Second thing we discovered is the existence of problems that affect every participant of the trial (the judge, the side of defense and prosecution). These problems were confirmed to us by judges, attorneys and the prosecution in all six regions of Ukraine which are covered by the project (this is Kiev, Kharkov, Lvov, Zaporozhie, Poltava and Zhytomir). What are these problems?

  • Deficit of judges, Ukrainian judicial system has a huge shortage of judges. In Zhytomir we talked to a head of a local court who told us his court have only three judges. In Lvov region one of the courts has only one judge! This situation arose about five years ago, when the new post-Maidan government decided to reform the judicial system. A lot of judges were fired or resigned on their own, but the state did not appoint new judges to replace the ones that were fired. This problem is one of the main causes for violation of the right to receiving a trial within reasonable time. ISHR wrote about it in 2018 Report on observance of the right to a fair trial in Ukraine.
  • Aggressive behavior of certain groups of activists (groups of radical Ukrainian nationalists, veterans of the war in the East of Ukraine, etc.) towards the judges, attorneys and prosecutors. After Maidan, in 2014 the special police unit that was responsible for security of courts was disbanded. This led to drastic decrease of security in the courts. Participants of our roundtables talked about numerous attacks and treats to judges and attorneys right in the courtrooms. This problem was confirmed at every roundtable we held. Law enforcement officials are afraid to stop such violations, because they fear to lose their jobs, freedom or even life in case they interfere. After 2014 a lot of policemen and other government officials (including judges) were fired or criminally persecuted for trying to stop the Maidan protestors.

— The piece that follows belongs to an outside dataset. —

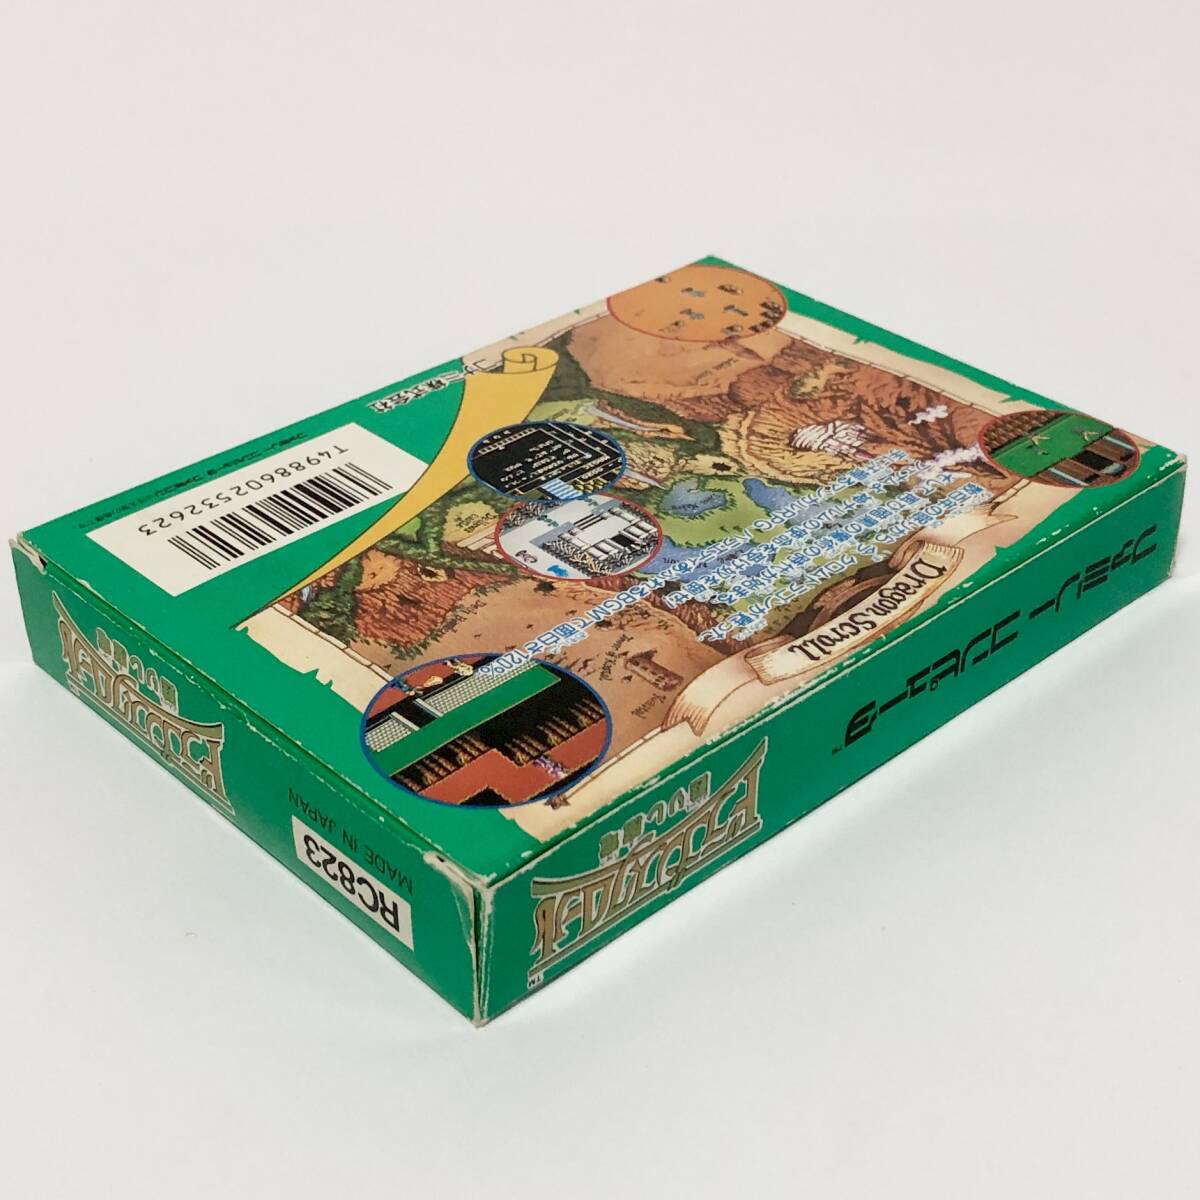 ファミコン ドラゴンスクロール 甦りし魔竜 箱説付き カード付き 痛みあり コナミ Nintendo Famicom Dragon Scroll CIB Tested Konami_画像5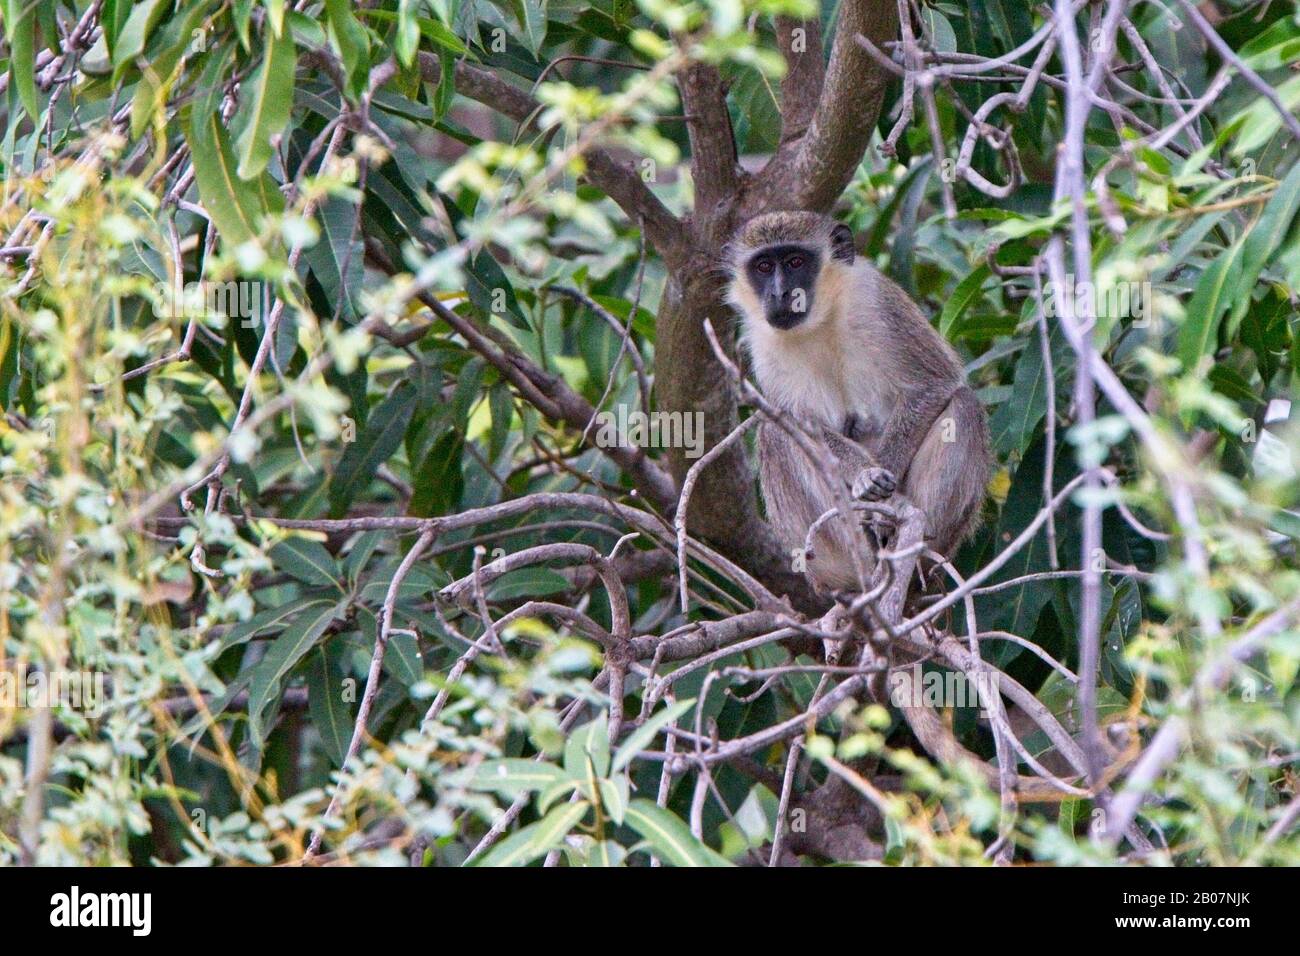 Singe vert (Chlorocebus sabaeus) adulte dans un arbre, Gambie. Banque D'Images

  • Aggressive Media campaigns against certain judges and attorneys. Pressure from the Media on a judge, which passed an unpopular decision or an attorney who defends the “wrong” person is a usual situation in today’s Ukrainian society. This negatively affects the conduction of a fair trial. Participants of ISHR’s roundtables expressed hope that ISHR will assist in providing objective information about the trials to the Ukrainian society and the international community.

This project already gave ISHR an opportunity to help establish a dialog among different parts of the Ukrainian society which are affected by the judicial system; they are willing to listen to us and to tell us their stories. It is up to all of us to use this opportunity to help making Ukraine a fair and just place.